Очень сходные нападки и иронические высказывания отмечены в литературе о Цветаевой. Во многих статьях (и еще более в бытовых пересудах, отчасти зафиксированных в творчестве самой Цветаевой) ее обвиняли в эгоцентризме, преувеличенном эротизме, отсутствии искренности — или, напротив, излишней откровенности, — истерической театральности и прочих нарушениях общепринятого поведенческого кода. Считалось недопустимым, что она, согласно процитированной фразе Аксакова, «вся… ушла в поэзию и в стихи» — в то время как сама Цветаева этим гордилась. У критиков начала XX века вызывал неприятие — или по крайней мере настороженность — сам факт существования женщины-поэта, вступающей в поэтическое соревнование на равных. Воплощение специфически женского опыта в поэзии ощущалось столь же неуместным, как и во времена Павловой. Это прослеживается во многих известных отзывах о цветаевском творчестве. Уже Брюсов писал, что «Вечернему альбому» присуща «жуткая интимность», и прибавлял: «Когда читаешь ее книгу, минутами становится неловко, словно заглянул нескромно через полузакрытое окно в чужую квартиру и подсмотрел сцену, видеть которую не должны бы посторонние. Однако эта непосредственность… переходит на многих страницах толстого сборника в какую-то „домашность“. Получаются уже не поэтические создания… но просто страницы личного дневника, и притом страницы довольно пресные»[636]

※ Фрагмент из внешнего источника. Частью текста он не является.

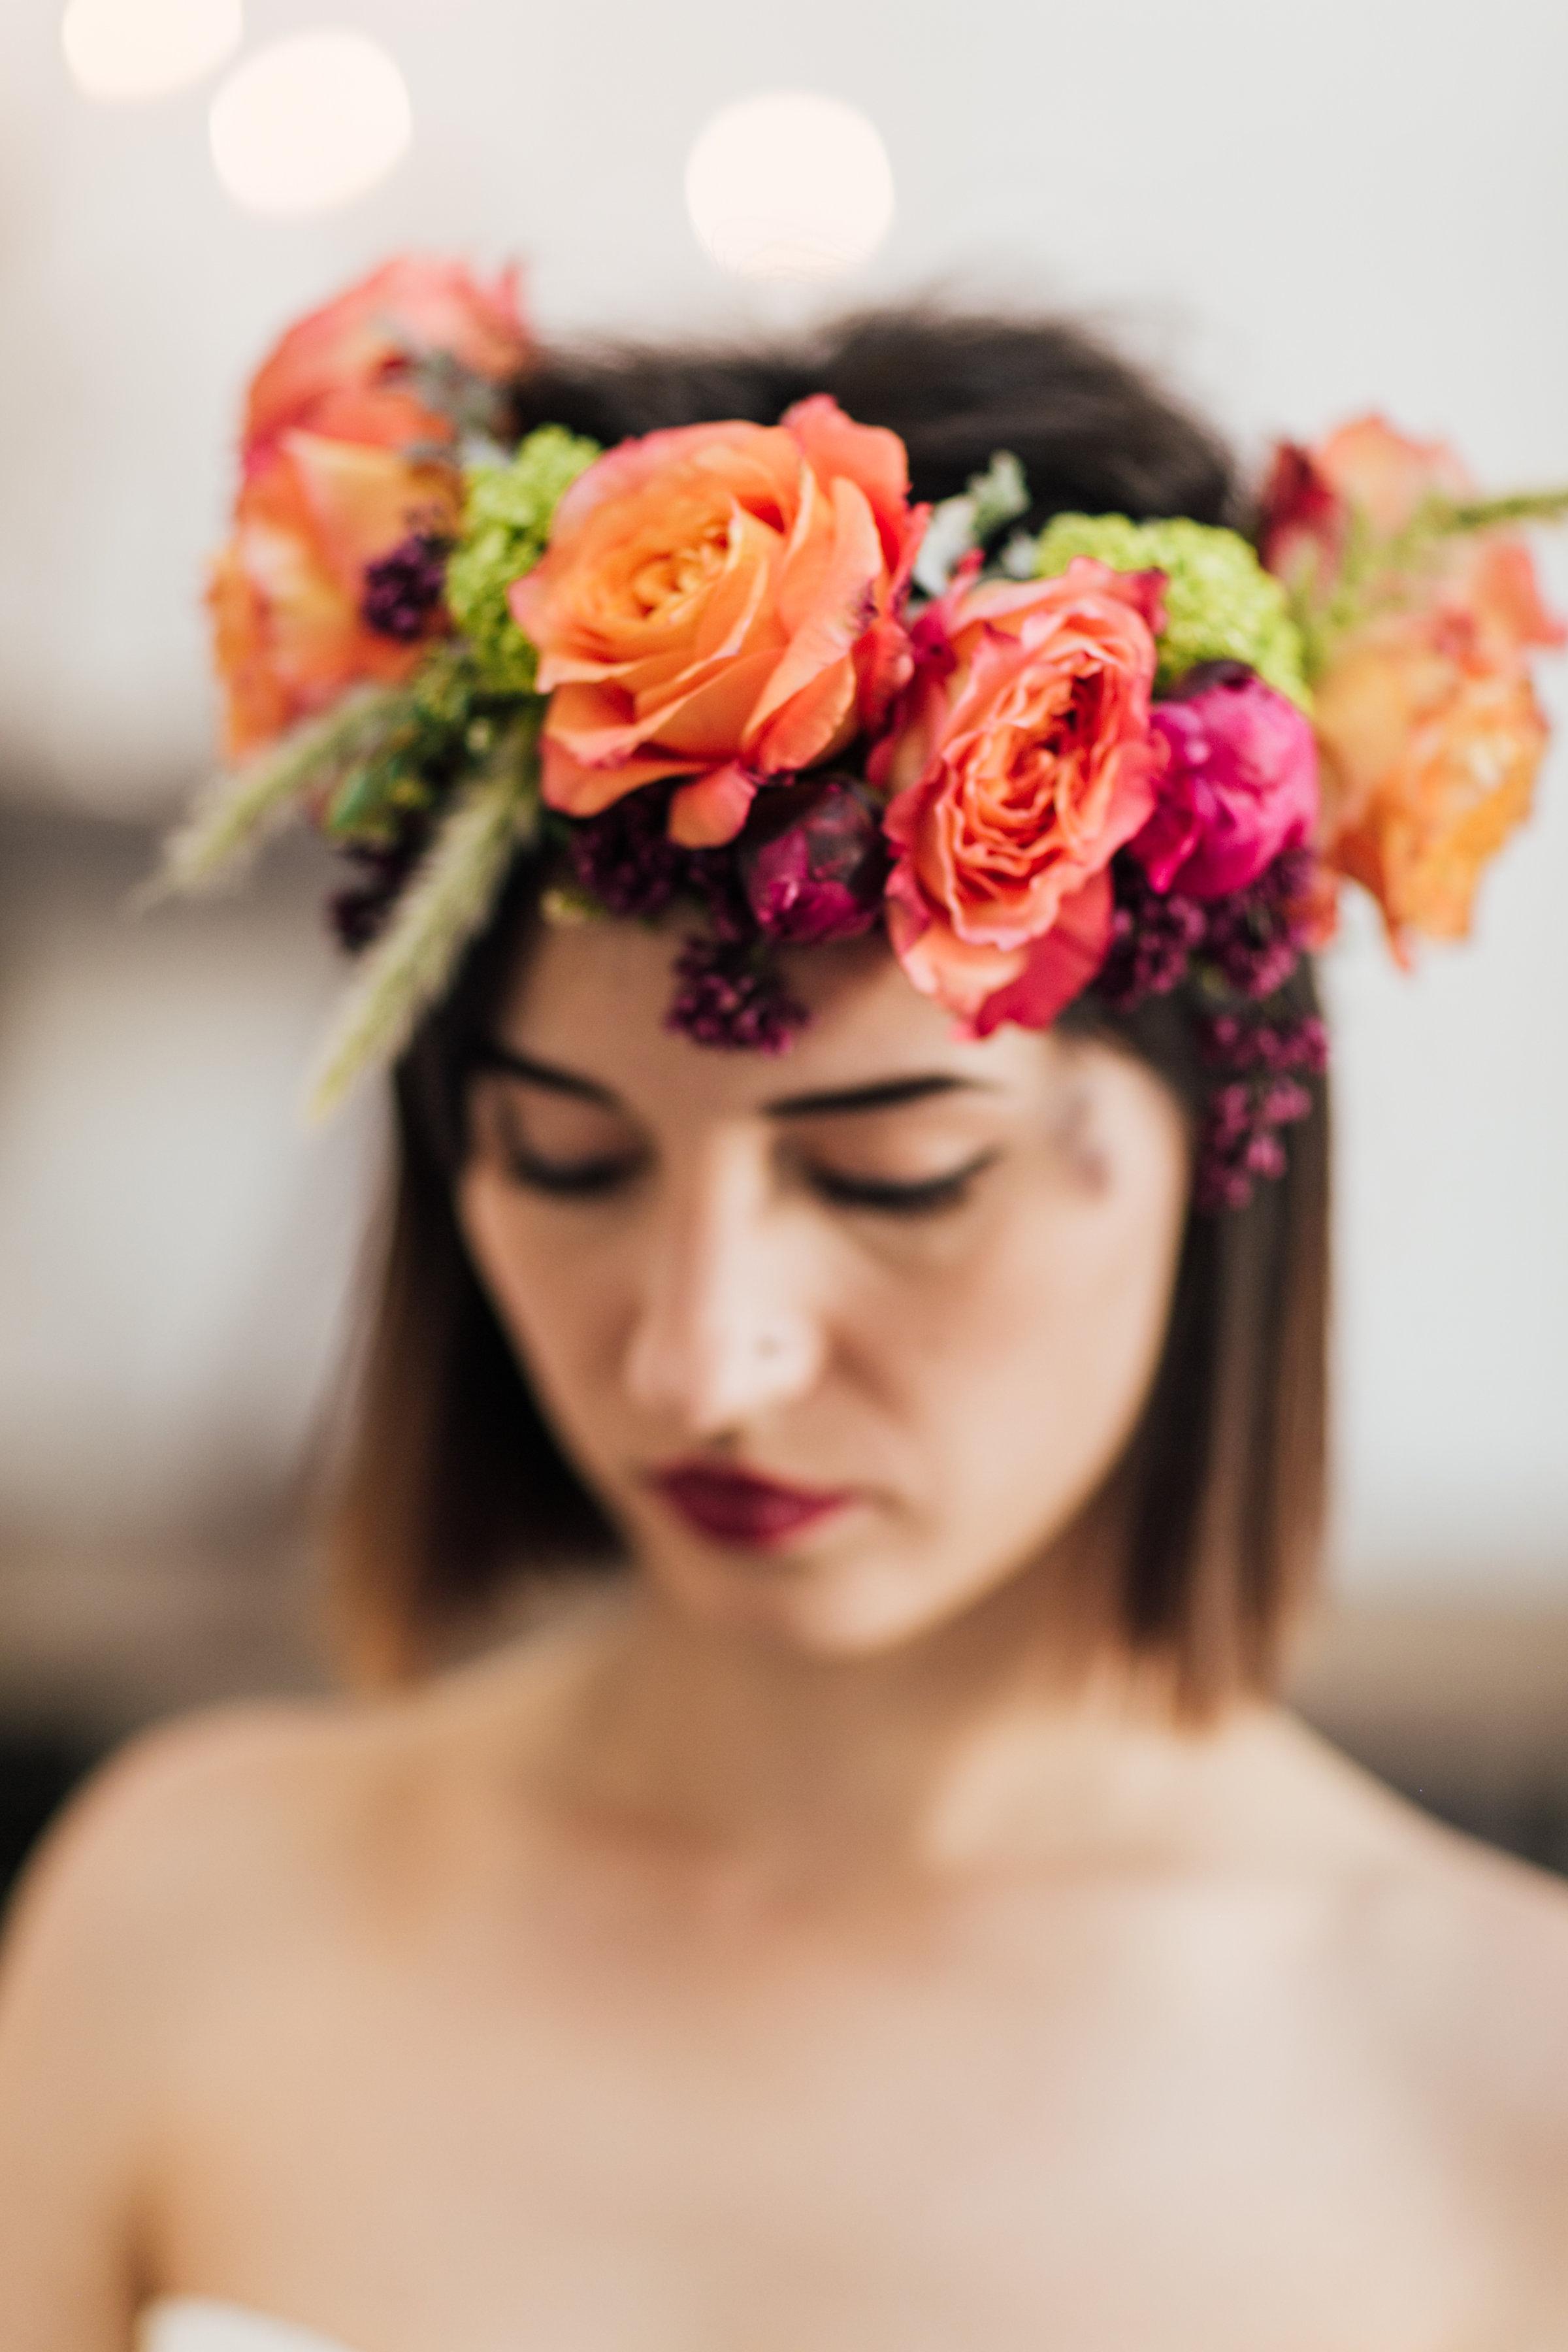 107_NYC-wedding-photographer-Amber-Marlow.jpg

. О следующем сборнике Цветаевой он говорил: «Верна себе и госпожа Цветаева… продолжая упорно брать свои темы из области узко-интимной личной жизни, даже как бы похваляясь ею… Пять-шесть истинно поэтических красивых стихотворений тонут в ее книге в волнах чисто „альбомных“ стишков, которые если кому интересны, то только ее добрым знакомым»[637]. Гумилев, в целом высоко оценивший «Вечерний альбом», также писал, что стихам Цветаевой свойственна «смелая (иногда чрезмерно) интимность»[638]. Очень характерно мизогиническое (хотя и блистательно остроумное в обыгрывании русского грамматического рода) утверждение Мандельштама в статье 1922 года «Литературная Москва»: «Для Москвы самый печальный знак — богородичное рукоделие Марины Цветаевой, перекликающейся с сомнительной торжественностью петербургской поэтессы Анны Радловой. Худшее в литературной Москве — это женская поэзия. Опыт последних лет доказал, что единственная женщина, вступившая в круг поэзии на правах новой музы, это русская наука о поэзии, вызванная к жизни Потебней и Андреем Белым и окрепшая в формальной школе Эйхенбаума, Жирмунского и Шкловского»[639]. Творчество Цветаевой весьма отрицательно оценивали многие эмигрантские авторы — Бунин, Адамович, отчасти Святополк-Мирский, одно время и Ходасевич. Еще в 1914 году он писал, что в ее стихах «есть что-то неприятнослащавое»[640], а в 1923 году, хотя и отдавая должное цветаевскому дару, резко высказался о сборниках «Ремесло» и «Психея»:«Цветаева не умеет и не хочет управлять своими стихами. То, ухватившись за одну метафору, развертывает она ее до надоедливости: то, начав хорошо, вдруг обрывает стихотворение, не использовав открывающихся возможностей; не умеет она „поверять воображение рассудком“ — и тогда стихи ее становятся нагромождением плохо вяжущихся метафор. Еще менее склонна она заботиться о том, как слово ее отзовется в читателе… В конце концов — со всех страниц „Ремесла“ и „Психеи“ на читателя смотрит лицо капризницы, очень даровитой, но всего лишь капризницы, может быть — истерички: явления случайного, частного, преходящего. Таких лиц всегда много в литературе, но история
литературы их никогда не помнит»[641].